2A ROC curves for ten models in the training cohort. 2D ROC curves for ten models in the validation cohort. 2B Calibration curves for ten models in the training cohort. 2E Calibration curves for ten models in the validation cohort. 2C DCA curves for ten models in the training cohort. 2F DCA curves for ten models in the validation cohort
Table 5.
Performance parameters of the ten models in both the training and validation cohorts
| Data set | ML | Accuracy | Sensitivity | Specificity | Precision | F1 |
|---|---|---|---|---|---|---|
| Training set | Logistic | 0.793 | 0.695 | 0.882 | 0.841 | 0.761 |
| SVM | 0.788 | 0.705 | 0.864 | 0.824 | 0.760 | |
| GBM | 0.912 | 0.919 | 0.906 | 0.898 | 0.908 | |
| NeuralNetwork | 0.840 | 0.776 | 0.897 | 0.872 | 0.821 | |
| RandomForest | 1.000 | 1.000 | 1.000 | 1.000 | 1.000 | |
| Xgboost | 0.835 | 0.793 | 0.873 | 0.849 | 0.820 | |
| KNN | 0.901 | 0.911 | 0.892 | 0.884 | 0.897 | |
| Adaboost | 0.761 | 0.616 | 0.892 | 0.837 | 0.710 | |
| LightGBM | 0.986 | 0.977 | 0.995 | 0.994 | 0.985 | |
| CatBoost | 0.829 | 0.840 | 0.819 | 0.807 | 0.823 | |
| Test set | Logistic | 0.807 | 0.757 | 0.853 | 0.824 | 0.789 |
| SVM | 0.805 | 0.721 | 0.882 | 0.847 | 0.779 | |
| GBM | 0.850 | 0.829 | 0.869 | 0.852 | 0.840 | |
| NeuralNetwork | 0.833 | 0.766 | 0.894 | 0.867 | 0.813 | |
| RandomForest | 0.824 | 0.802 | 0.845 | 0.824 | 0.813 | |
| Xgboost | 0.820 | 0.788 | 0.849 | 0.825 | 0.806 | |
| KNN | 0.822 | 0.806 | 0.837 | 0.817 | 0.812 | |
| Adaboost | 0.760 | 0.613 | 0.894 | 0.840 | 0.708 | |
| LightGBM | 0.794 | 0.788 | 0.800 | 0.781 | 0.785 | |
| CatBoost | 0.779 | 0.847 | 0.718 | 0.732 | 0.785 |
Fig. 3.
3A Ten-fold cross-validation of the training set. 3B Ten-fold cross-validation of the validation cohort. 3C Confusion matrix results for ten models in the training cohort. 3D Confusion matrix results for ten models in the validation cohort
Characteristic importance and interpretability of GBM model
The feature importance of GBM model was assessed using SHapley Additive exPlanation (SHAP). We analyzed the marginal contributions of the seven model features across all samples, combining feature importance and feature effects with summary plots (Fig. 4A and B). The results indicate that the features Albumin, LDL, HDL, and BMI exhibit more dispersed sample distributions, with a broader range of SHAP values. This suggests that these features have a significant impact on the model’s predictions. In contrast, the distributions for Risk factor and Triglycerides are concentrated around SHAP = 0, implying that these features exert a minimal effect. The dependence plot (Fig. 4C) demonstrates a nonlinear relationship between LDL levels and the target variable: as LDL increases within the 1–4 range, the SHAP values show a marked rise from − 0.25 to 0.25, indicating a substantial positive impact on model predictions. Beyond the threshold of 4, however, the SHAP values plateau around 0.25, suggesting a saturation effect where additional increases in LDL exert diminishing influence on the model’s output. Additionally, waterfall plots were generated to visualize the contribution of individual features to specific sample predictions (Fig. 4D).
Fig. 4.
4A Ranking of the importance scores for the sevent variables derived from the GBM-based model. 4B Swarm map based on SHAP interpretation. 4C Dependence plot between the characteristic variables gestational week and BMI. 4D Single-sample interpretable force diagram
Discussion
The occurrence of term low birth weight (TLBW) is influenced by a complex interplay of multiple factors. In this study, we developed and validated ten machine learning algorithms to predict TLBW based on perinatal data from pregnant women.
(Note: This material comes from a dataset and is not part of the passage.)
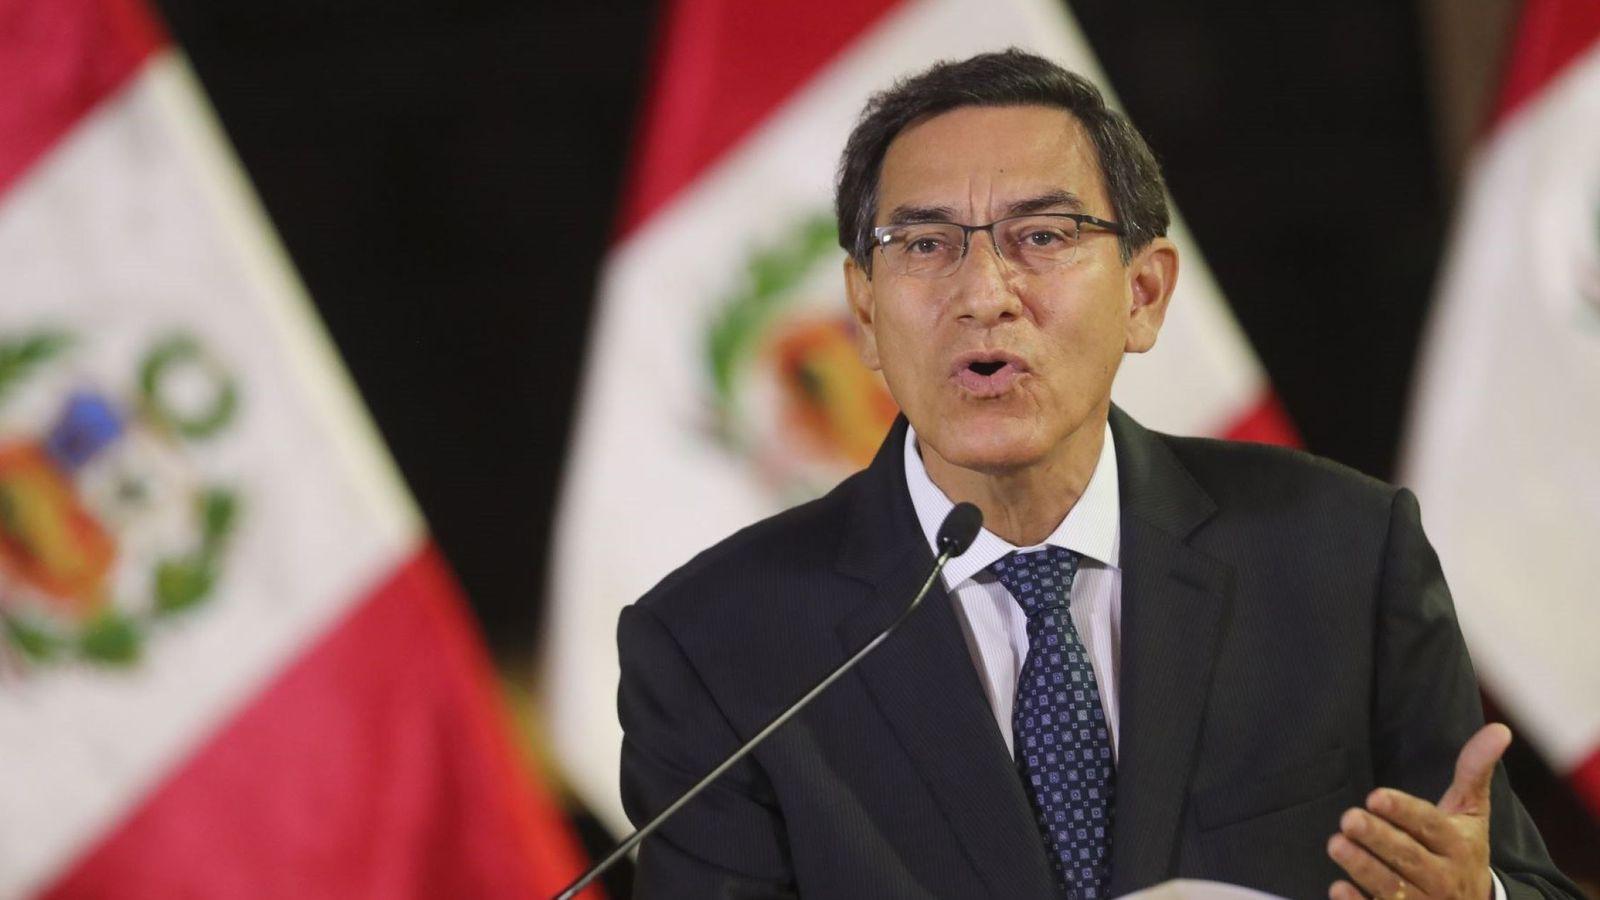 Foto: El presidente de Perú, Marín Vizcarra, mientras anuncia la disolución del Congreso. (EFE)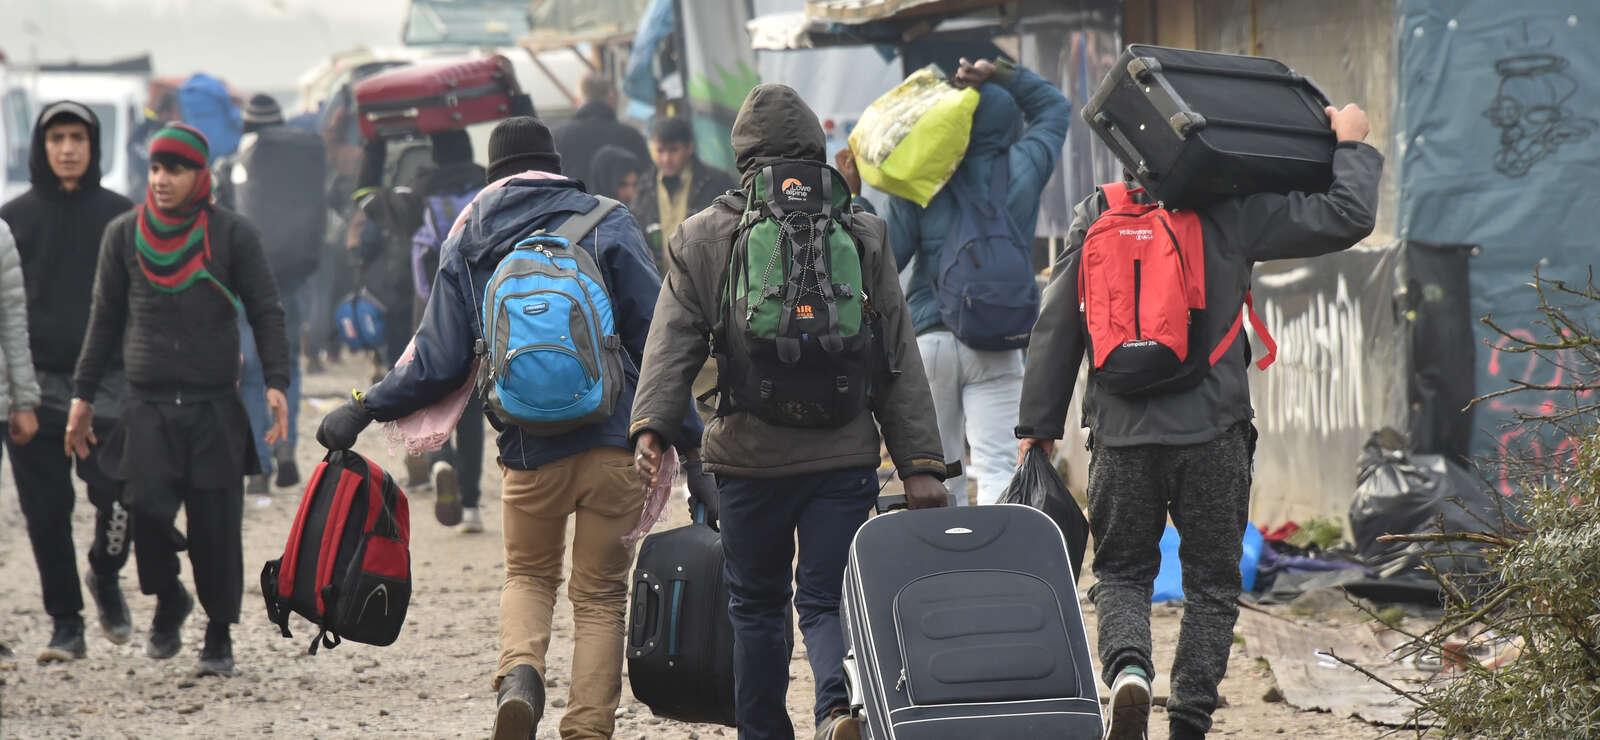 [Direct] L'évacuation de la «jungle» de Calais a commencé

Among these models, the GBM algorithm demonstrated exceptional performance, with AUC values of 0.972 and 0.915 in internal and external validation tests, respectively. The decision curve analysis (DCA) and calibration curves further confirmed the model’s strong applicability. We believe the GBM model’s superior accuracy is due to its nature as an ensemble learning algorithm, well-suited for handling large and complex datasets. The clinical significance of machine learning lies in its ability to identify risk factors closely associated with TLBW. Our analysis identified seven key predictors: BMI, risk factors, triglycerides, HDL, LDL, albumin, and cysteine.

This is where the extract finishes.